Ozzie set aside what remained of his coffee so he could brush Samantha’s hair back over her shoulder. When he gave her a squeeze, her muscles were like stone. He knew of one surefire way to help her lose that tension. “Keeping you in bed for the next two or three days, even if I have to share you with the occasional martini, sounds good to me.”

She looked away from him, her throat working over a hard swallow.

All his instincts went on red alert. “Hey. What’s up?”
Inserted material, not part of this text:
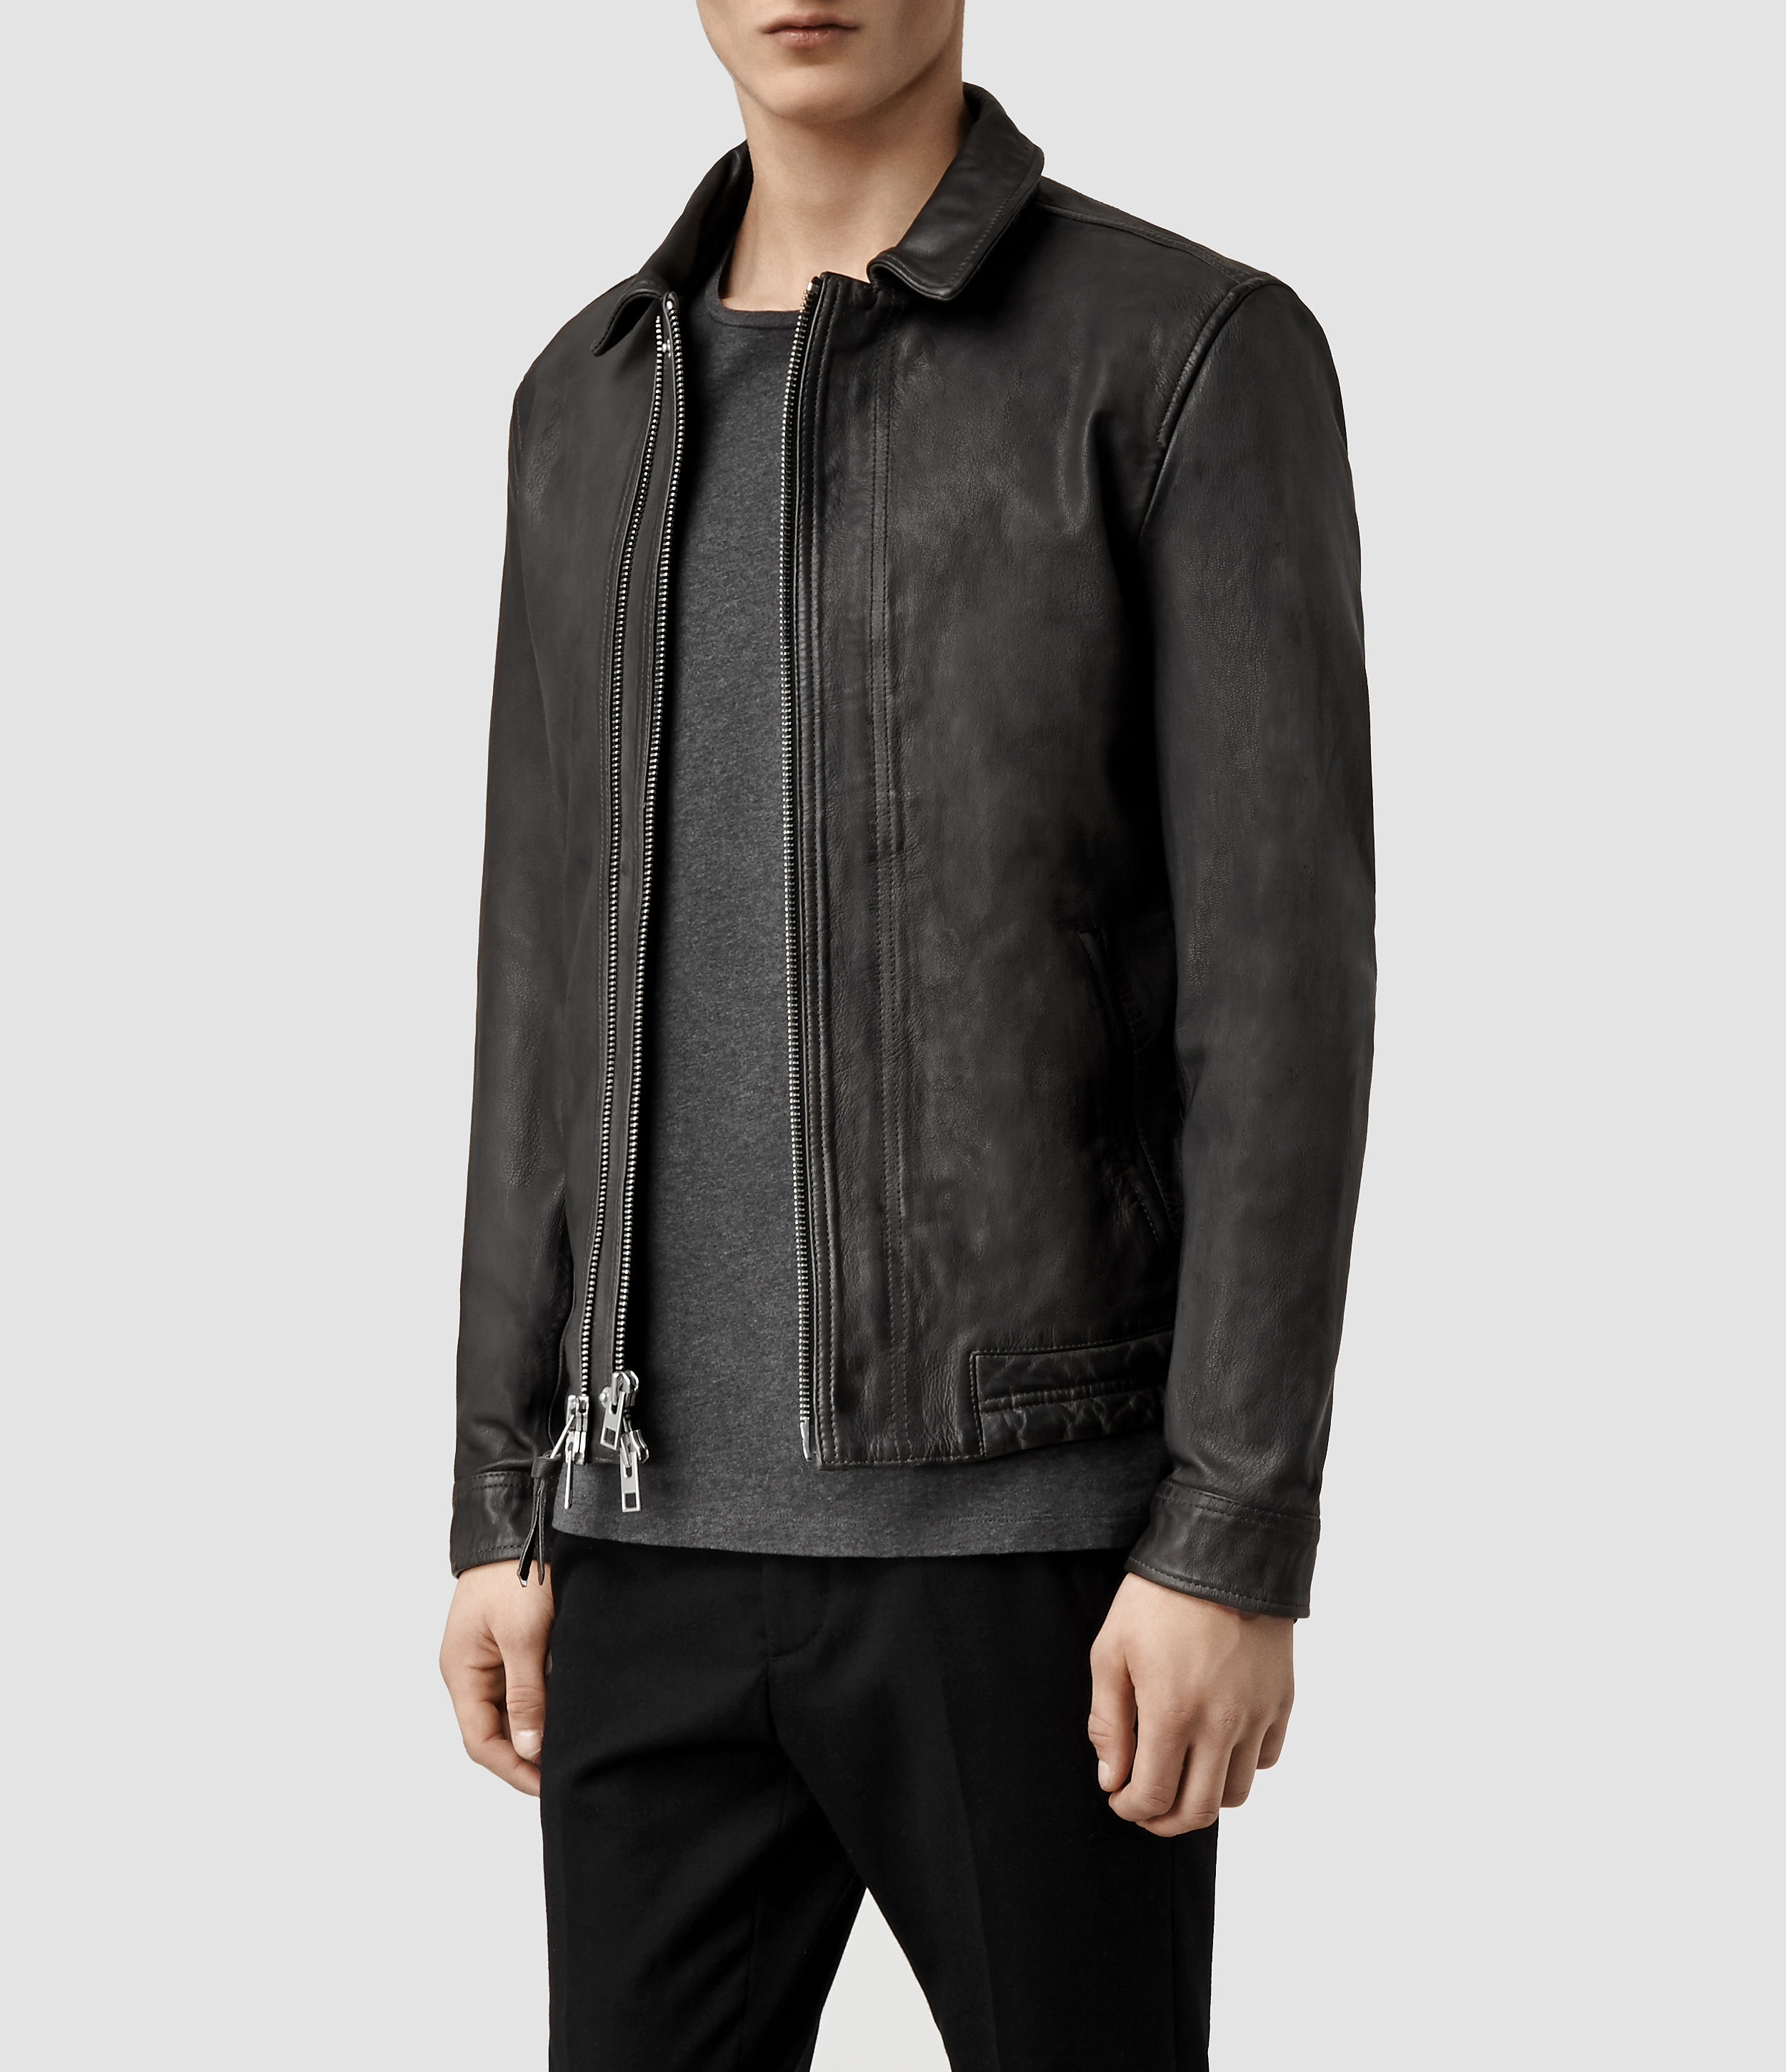 Lyst - Allsaints Varley Leather Jacket in Gray for Men

“I’m not going home with you tonight, Ozzie.” When she turned back, her eyes looked funny. There was determination there, but also sadness.

Now his instincts weren’t on red alert. They were running around, screaming like their hair was on fire. His voice was harsher than he would have liked when he cocked a brow and said, “No?”

“No.” She shook her head. “I need to go home. I have things to take care of. Plants to water. Trash to take out. That article I was working on today… Charlie texted to say he’ll give me an extension.”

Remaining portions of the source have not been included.